**Work item:** A word-for-word reproduction of the data below is needed, with no pictures in it.

**The data:**
★ ★ ★ ★

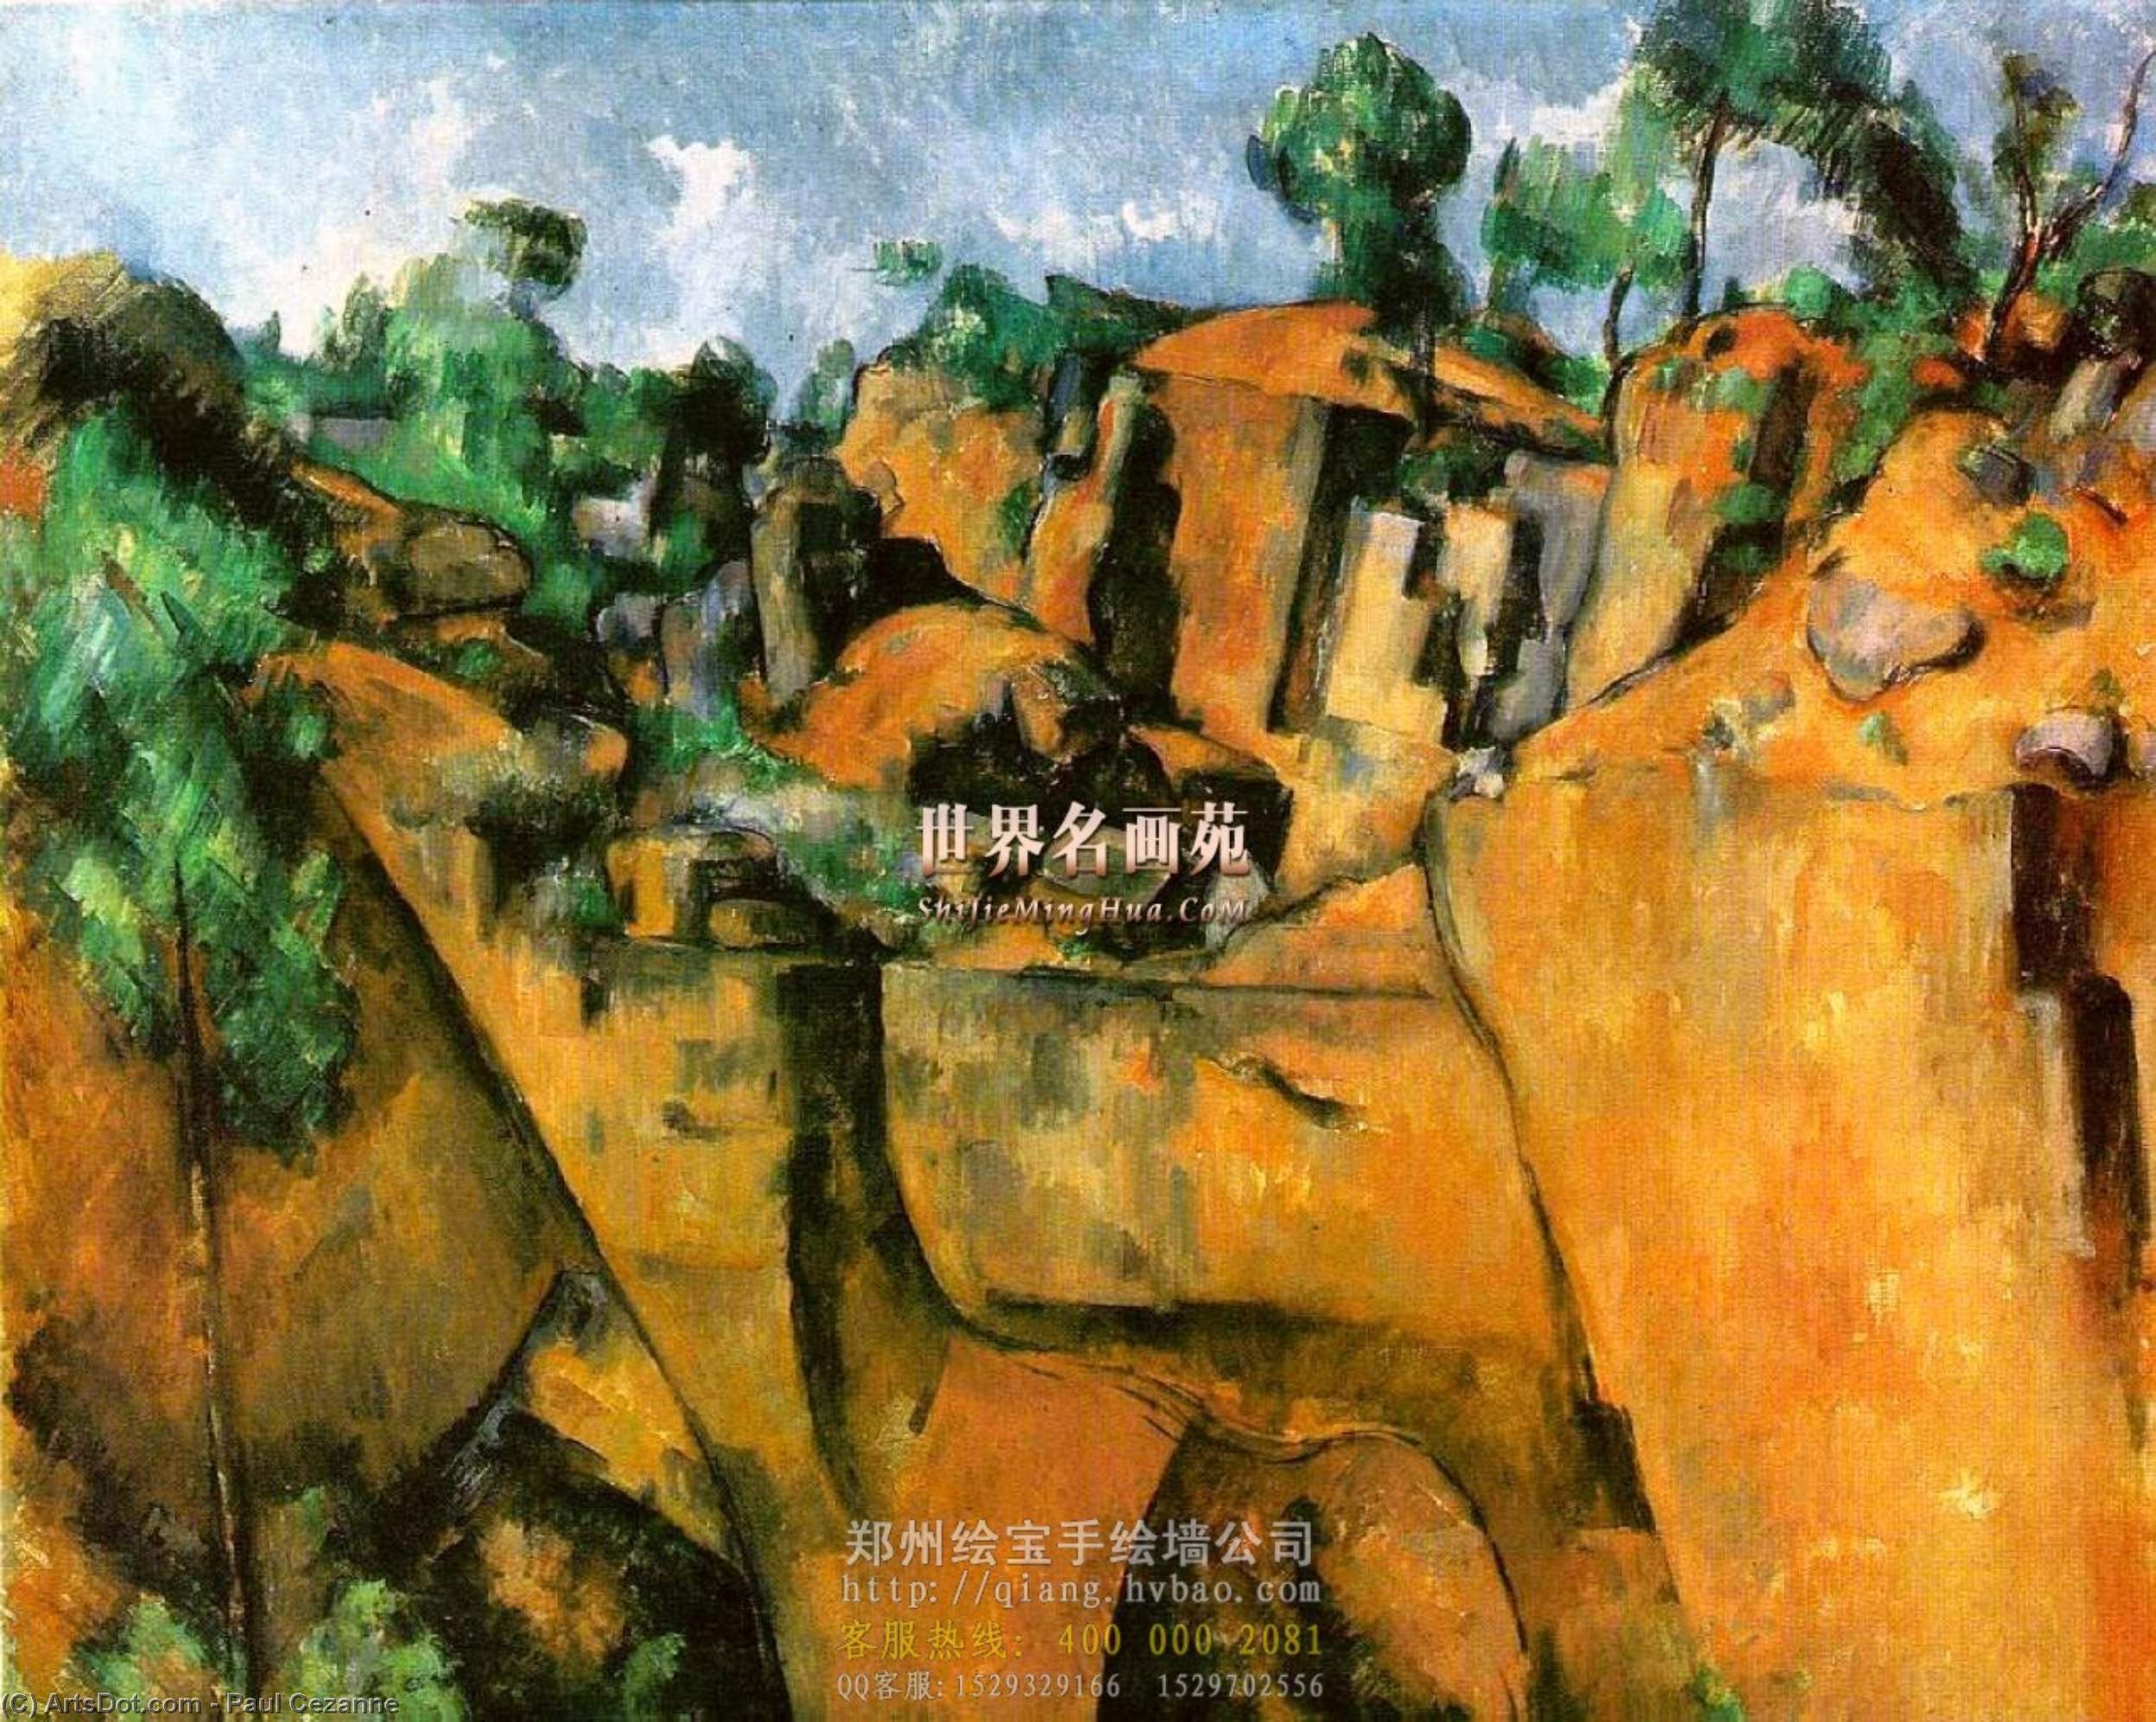 WikiOO.org - Енциклопедія образотворчого мистецтва - Живопис, Картини
 Paul Cezanne - Bibemus Quarry
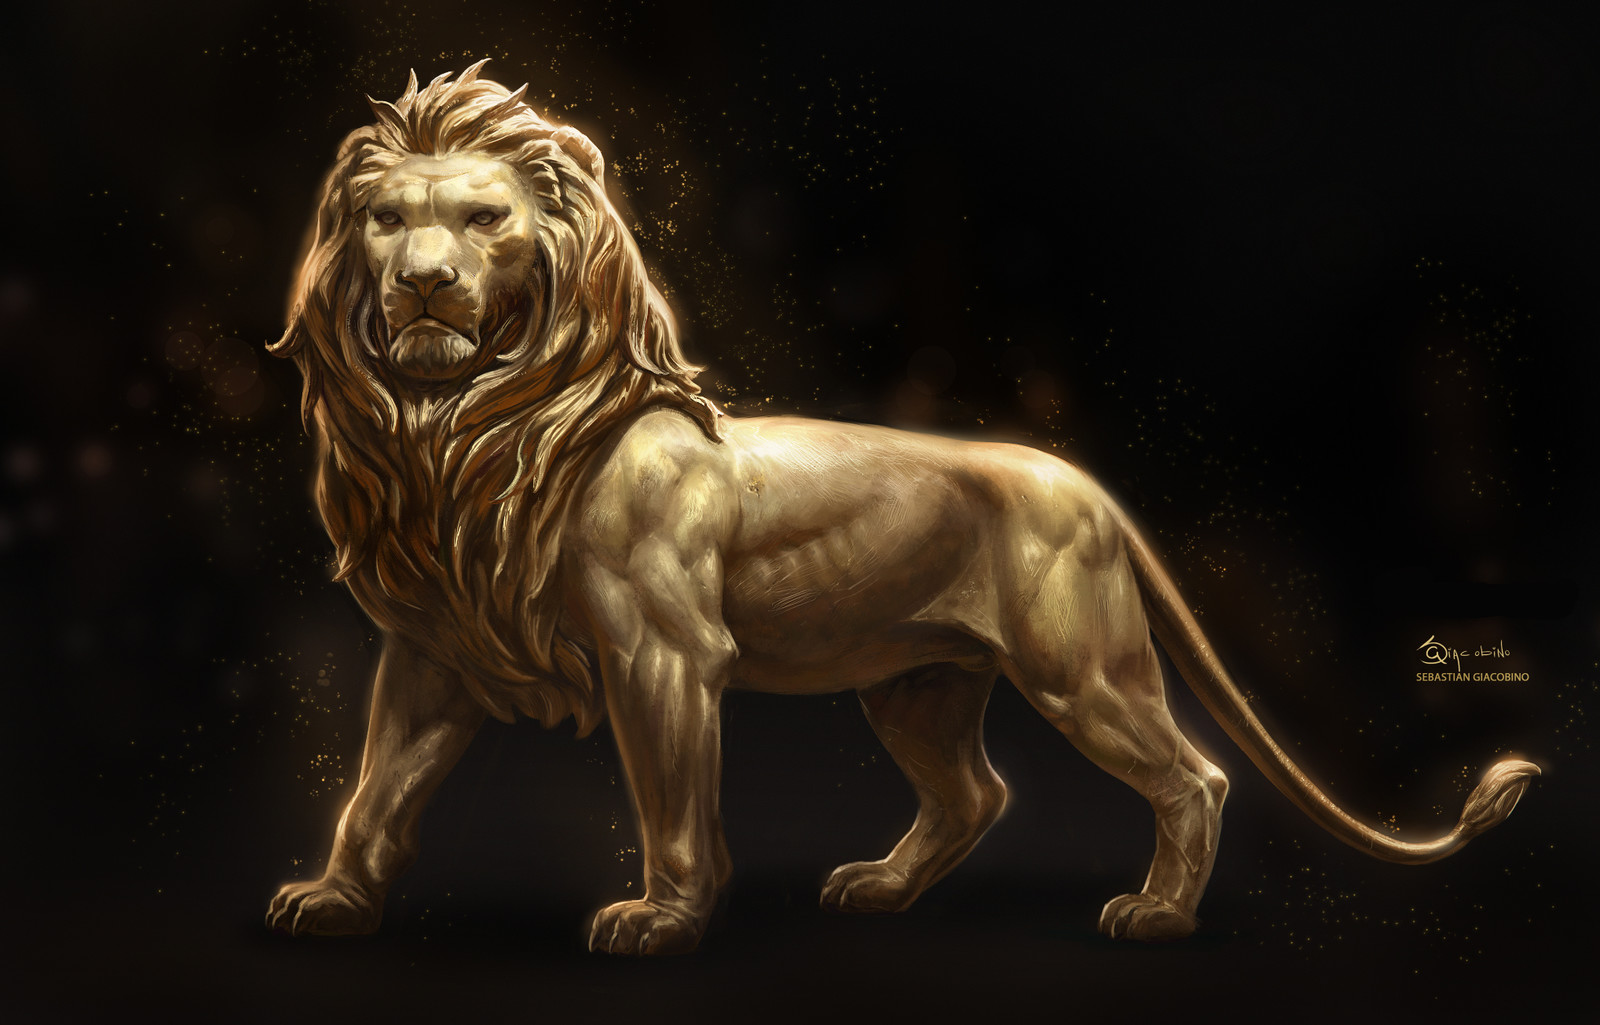 Sebastian Giacobino - Bronze Dragon, Golden Lion_Creature designs for a ...
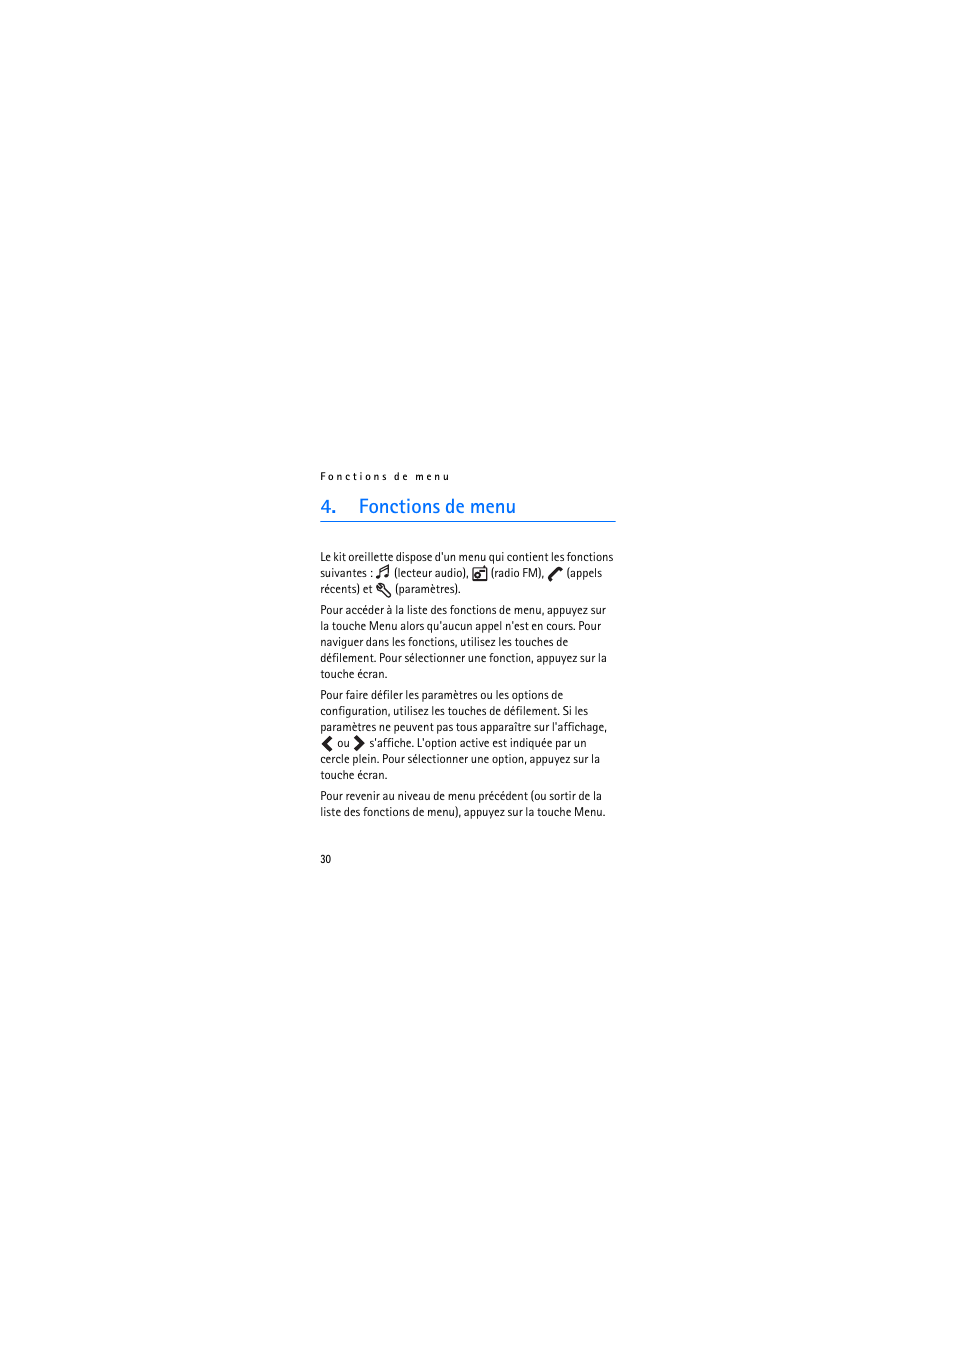 Fonctions de menu | Nokia Bluetooth Stereo Headset BH-903 Manuel d'utilisation | Page 30 / 45

★ ★ ★ ★

**Response to this exercise:**
 WikiOO.org - Енциклопедія образотворчого мистецтва - Живопис, Картини
 Paul Cezanne - Bibemus Quarry
 Sebastian Giacobino - Bronze Dragon, Golden Lion_Creature designs for a ...
 Fonctions de menu | Nokia Bluetooth Stereo Headset BH-903 Manuel d'utilisation | Page 30 / 45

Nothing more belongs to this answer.